Schwäbisches Bauernhofmuseum
2016 steht im Schwäbischen Bauernhofmuseum Illerbeuren alles im Zeichen der Schützen. Im Laufe des Jahres soll ein neuer rund 700 Quadratmeter großer Neubau eröffnet werden: das Süddeutsche Schützenkompetenzzentrum. Ein genauer Termin steht noch nicht fest. Angefangen bei frühneuzeitlichen Schützenfesten bis zu den olympischen Spielen 1972 in München werden zahlreiche Aspekte aus 600 Jahren Schützengeschichte thematisiert – auch aus einer kritischen Perspektive, wie der Leiter des Museums, Dr. Philipp Herzog, verspricht.
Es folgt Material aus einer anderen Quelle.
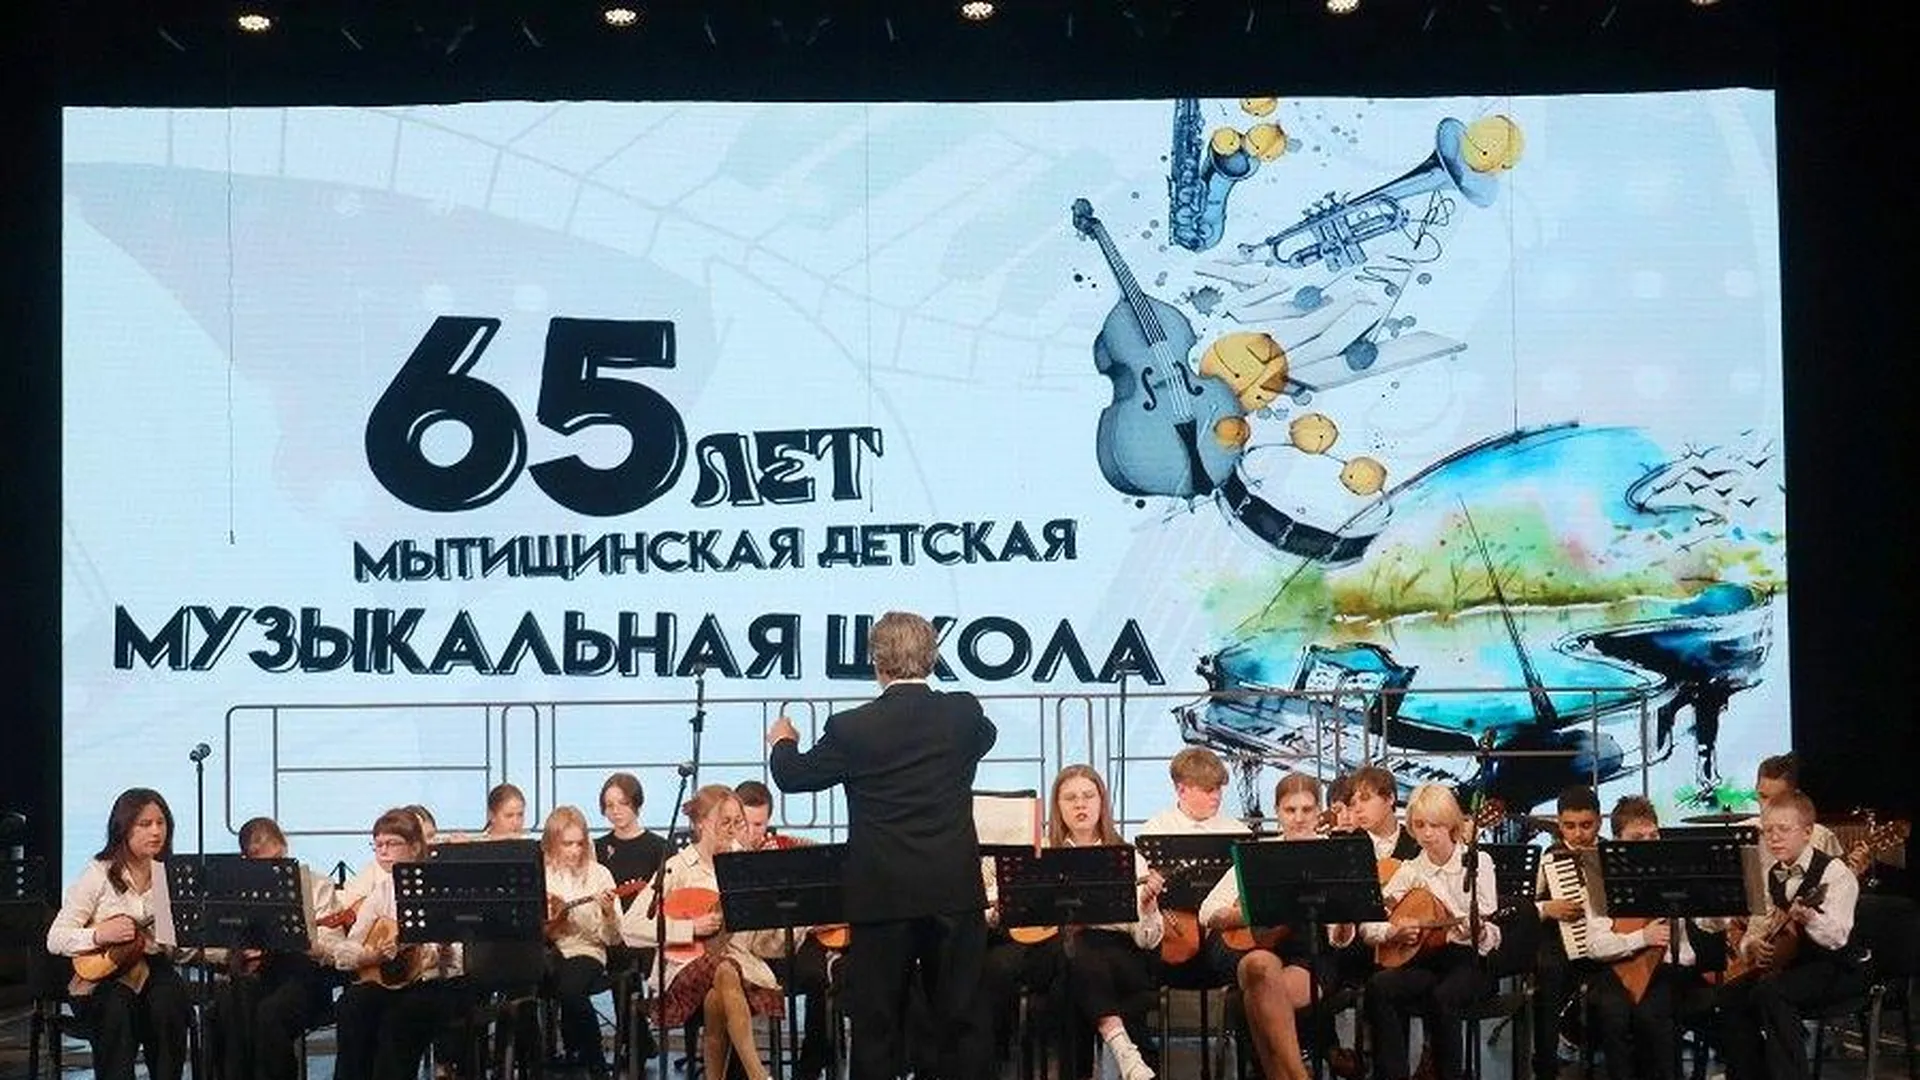 Во Дворце культуры «Яуза» прошел отчетный концерт мытищинской детской музыкальной школы

Der österreichische Historiker trat sein Amt erst vor rund einem halben Jahr an und kann somit am 1. März seinen ersten Saisonauftakt feiern. Weitere Highlights im Programm sind unter anderem der Tag der Volksmusik am 10. Juli, das Kinderfest am 7. August sowie die Handwerkertage am 10. und 11. September.
www.bauernhofmuseum.de

Trachtenkulturberatung
Mit der 1. Trachten-Werk-Woche feiert die Trachtenkulturberatung vom 29. März bis 3. April in diesem Jahr eine Premiere. Die Jugendbildungs- und Begegnungsstätte in Babenhausen verwandelt sich hierfür in eine Werkstatt. In sieben thematisch gegliederten Kursen – von Frauenoberteilen über Männerhemden und Knopfmacherei bis hin zu Zierkanten – können Interessierte tief in die handwerkliche Kunst einsteigen. Von August bis November bietet die Trachtenkulturberatung auf zahlreichen Märkten in der Region passende Stoffe oder fertige Produkte. Der 18. Schwäbische Trachtenmarkt am 8. und 9. Oktober im Landauer-Haus und im Gasthof Munding in Krumbach oder der 4. Textilmarkt im Staatlichen Textil- und Industriemuseum Augsburg am 19. und 20. November sind dabei nur zwei empfehlenswerte Ziele.